Now you are ready to execute your application code; if you want to try the provided examples just run them. In local:

cargo run --example make_rdd

In distributed:

export VEGA_DEPLOYMENT_MODE=distributed

cargo run --example make_rdd

Deploying with Docker

There is a docker image and docker-compose script in order to ease up trying testing and deploying distributed mode on your local host. In order to use them:

  1. Build the examples image under the repository docker directory:

bash docker/build_image.sh

  1. When done, you can deploy a testing cluster:

bash testing_cluster.sh

This will execute all the necessary steeps to to deploy a working network of containers where you can execute the tests.
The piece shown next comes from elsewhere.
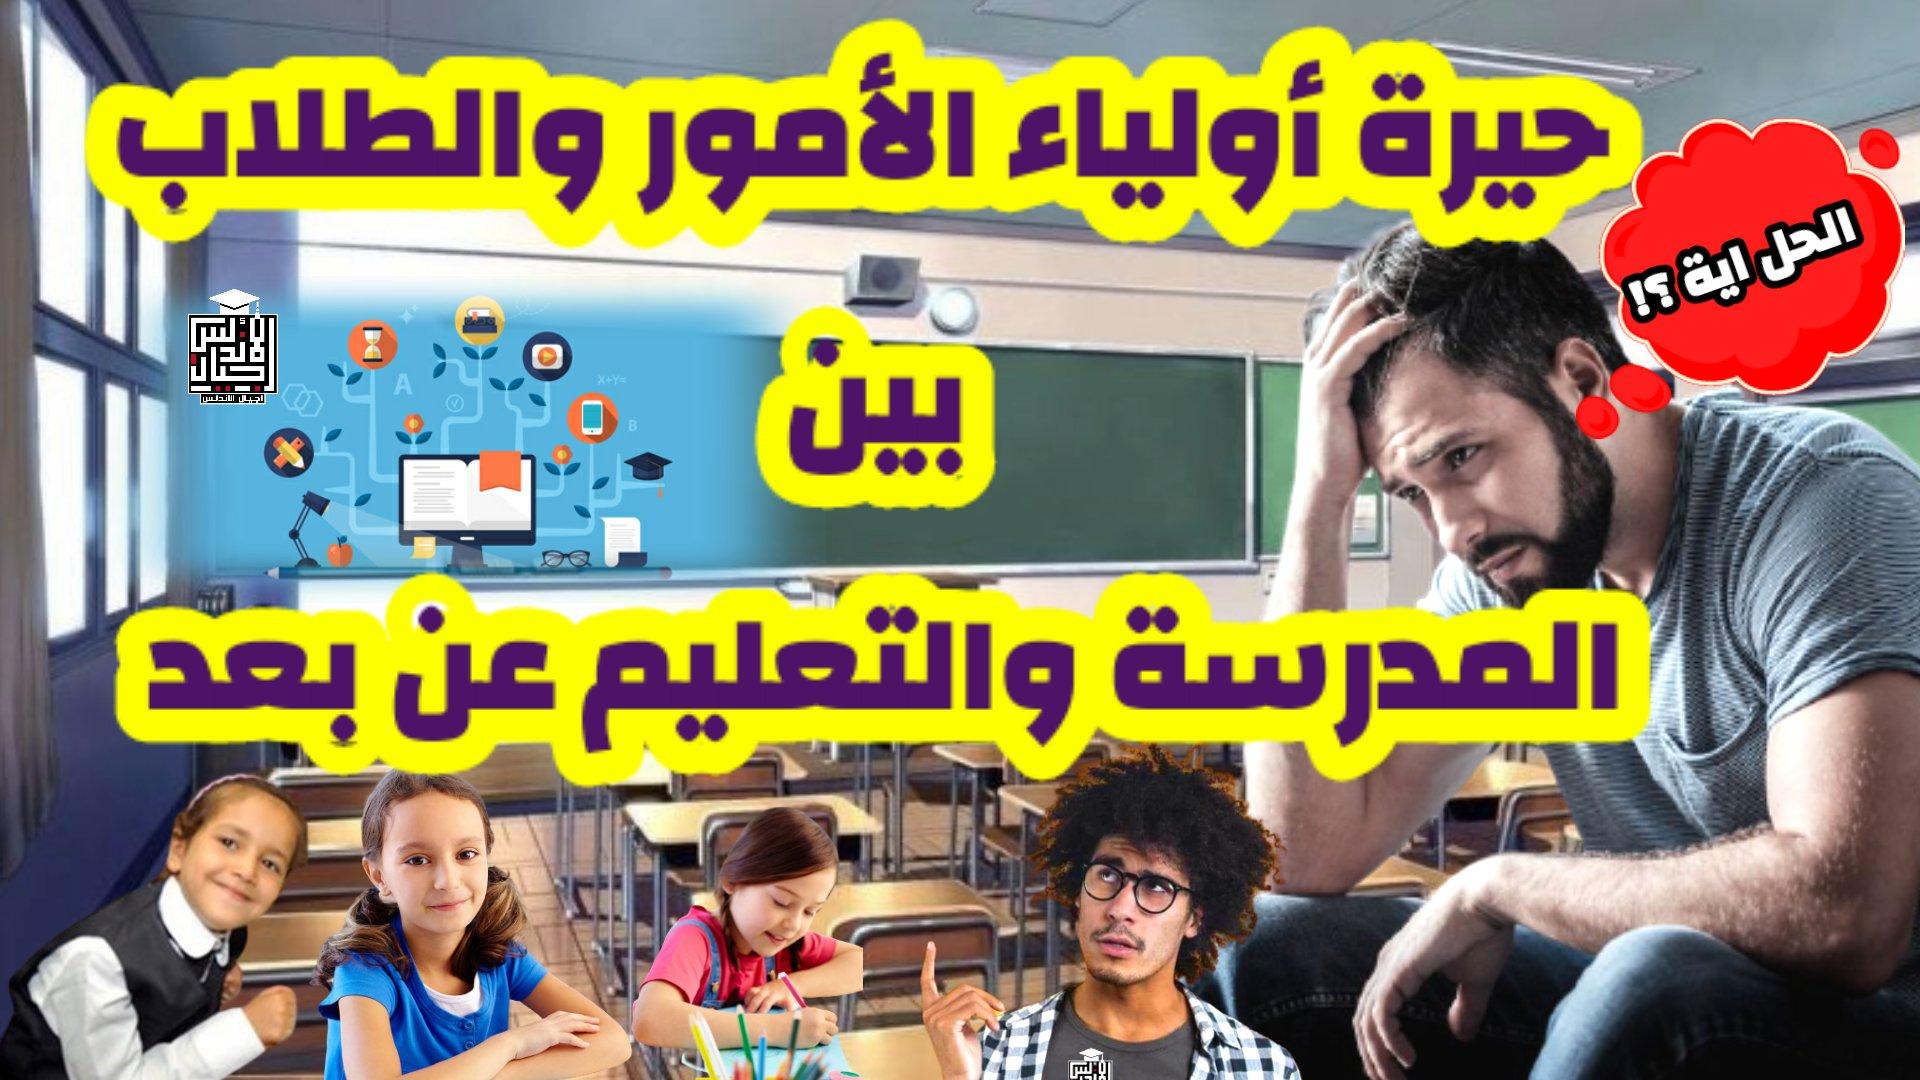 حيرة اولياء الامور والطلاب بين المدرسه والتعليم عن بعد وتقديم الحل

When finished you can attach a shell to the master and run the examples:

$ docker exec -it docker_vega_master_1 bash
$ ./make_rdd

Setting execution mode

In your application you can set the execution mode (local or distributed) in one of the following ways:

  1. Set it explicitly while creating the context, e.g.:
    use vega::DeploymentMode;

    let context = Context::with_mode(DeploymentMode::Local)?;
  1. Set the DEPLOYMENT_MODE environment variable (e.g.: DEPLOYMENT_MODE=local).

Additional notes

  • Depending on the source you intend to use you may have to write your own source reading rdd (like manually reading from S3) if it's not yet available.
  • Ctrl-C and panic handling are not compeltely done yet, so if there is a problem during runtime, executors won't shut down automatically and you will have to manually kill the processes.
  • One of the limitations of current implementation is that the input and return types of all closures and all input to make_rdd should be owned data.